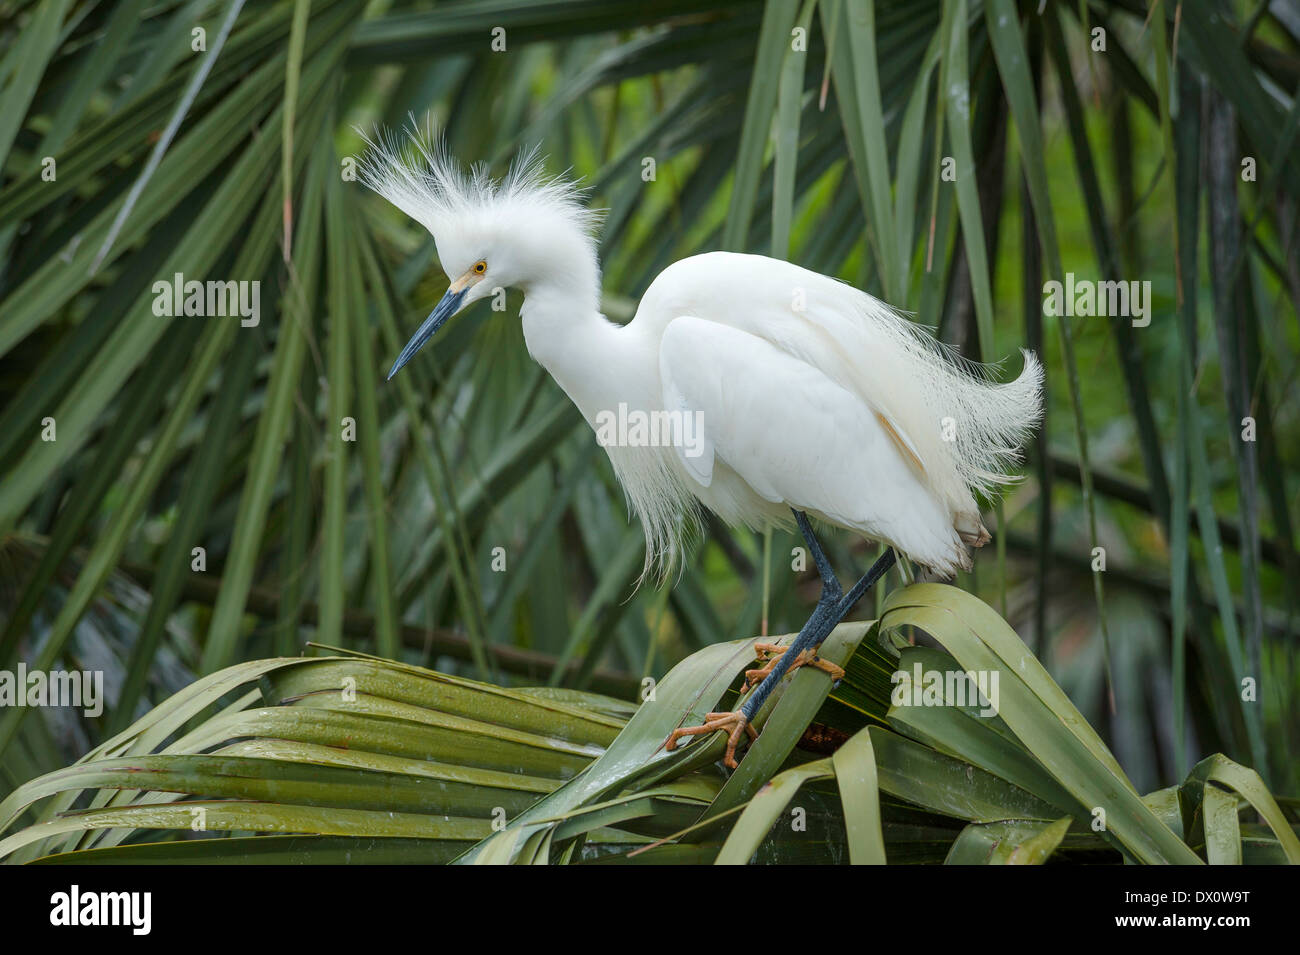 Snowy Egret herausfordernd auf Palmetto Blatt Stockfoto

------------------------------------

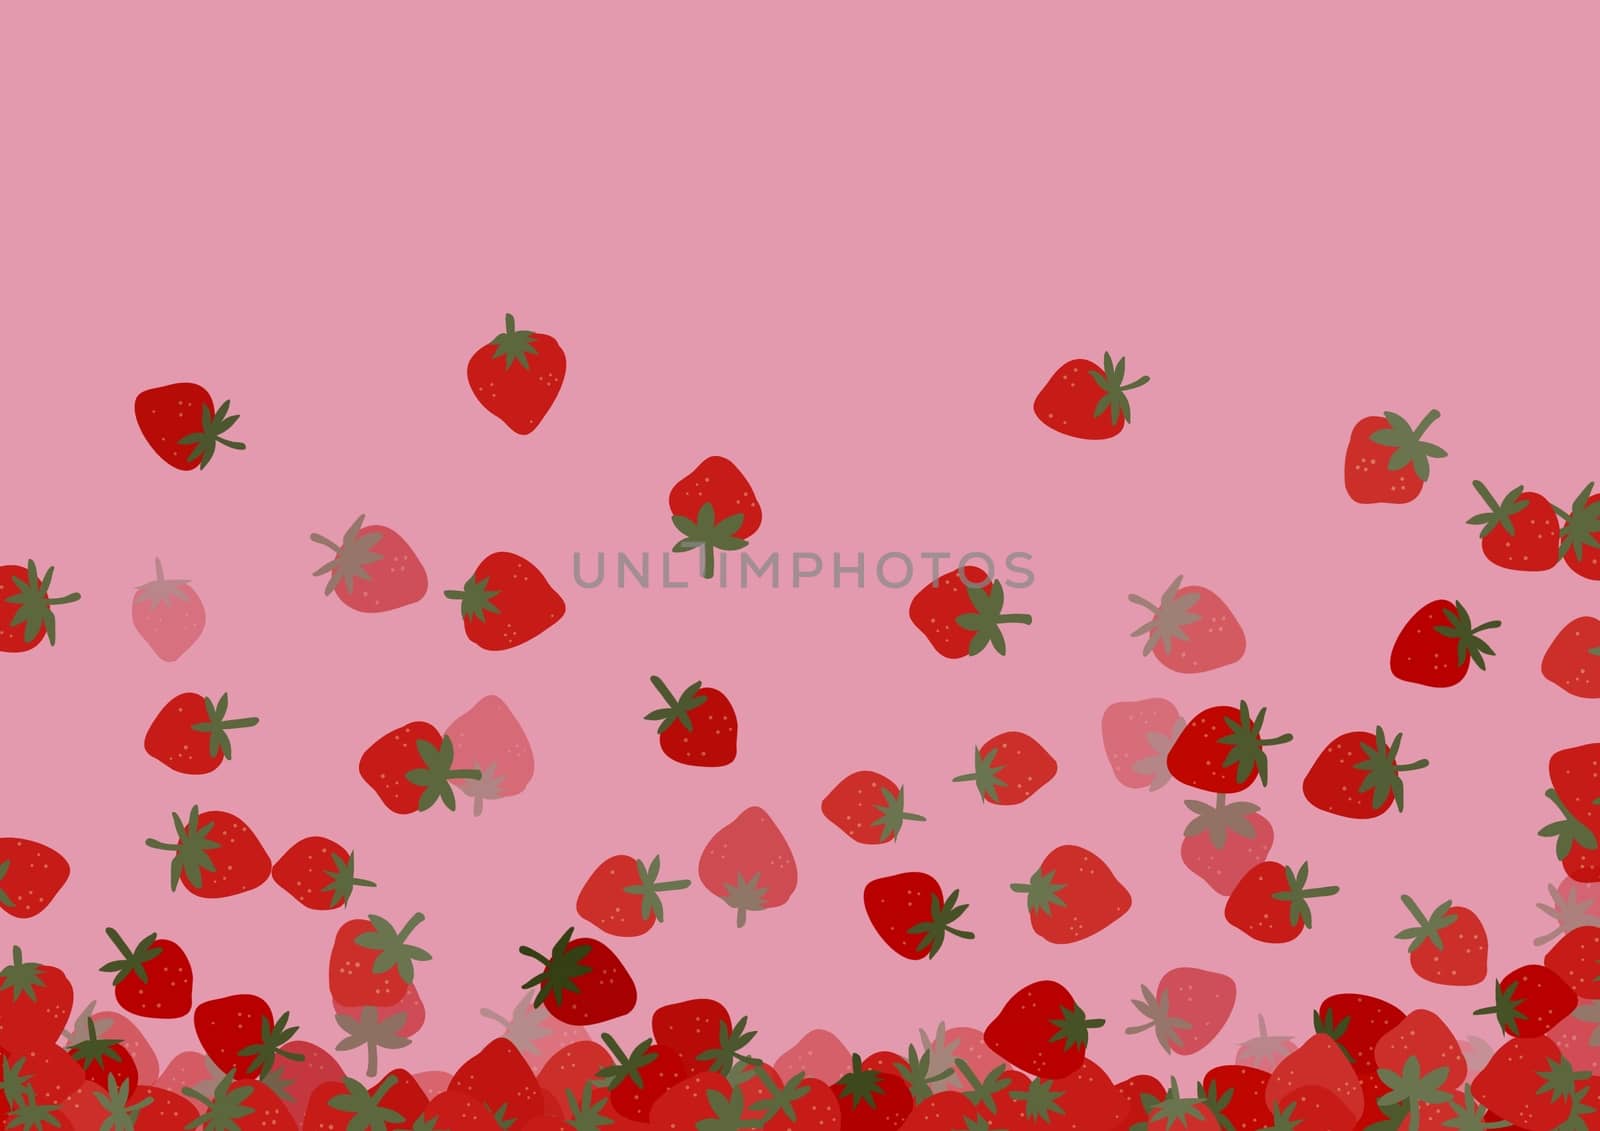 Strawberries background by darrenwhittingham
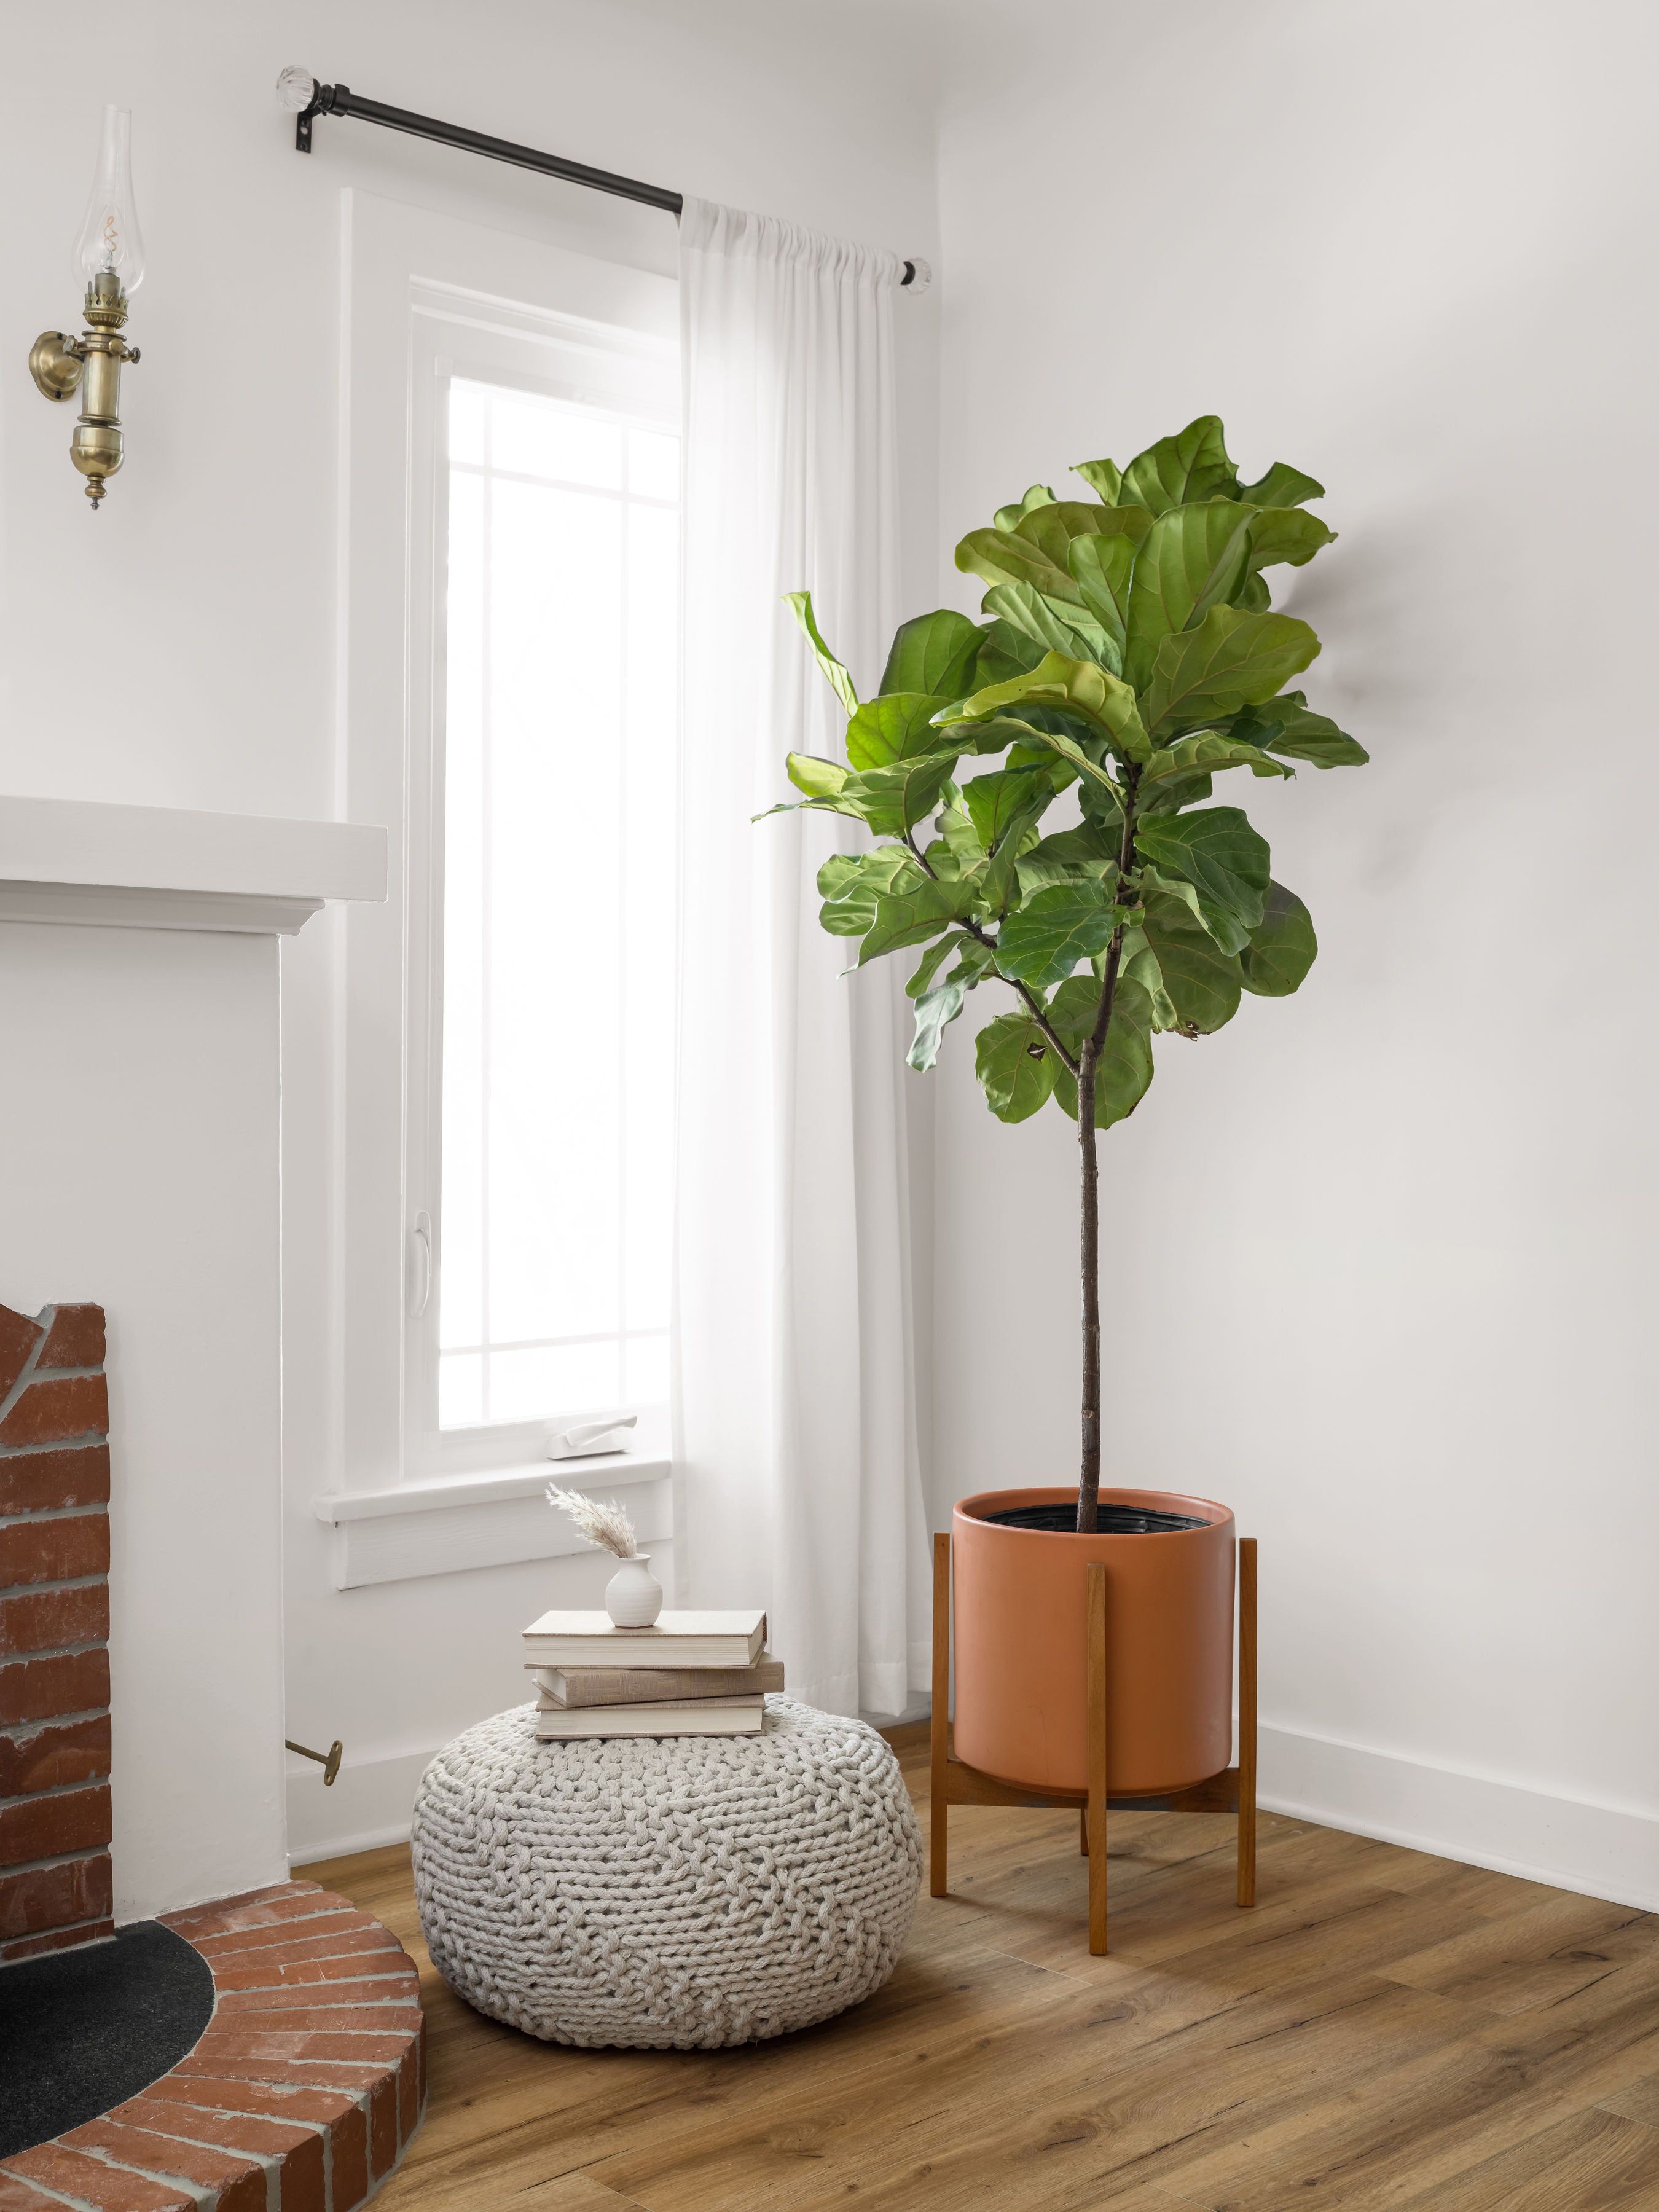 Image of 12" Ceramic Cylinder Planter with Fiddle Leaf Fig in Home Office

------------------------------------

- [Aim of the exercise] Copy the lines above exactly, starting at the one with "Strawberries background by darrenwhittingham" and ending at the one with "in Home Office", both included. Leave out any pictures and add nothing else.

- [Task result]
 Strawberries background by darrenwhittingham
 Image of 12" Ceramic Cylinder Planter with Fiddle Leaf Fig in Home Office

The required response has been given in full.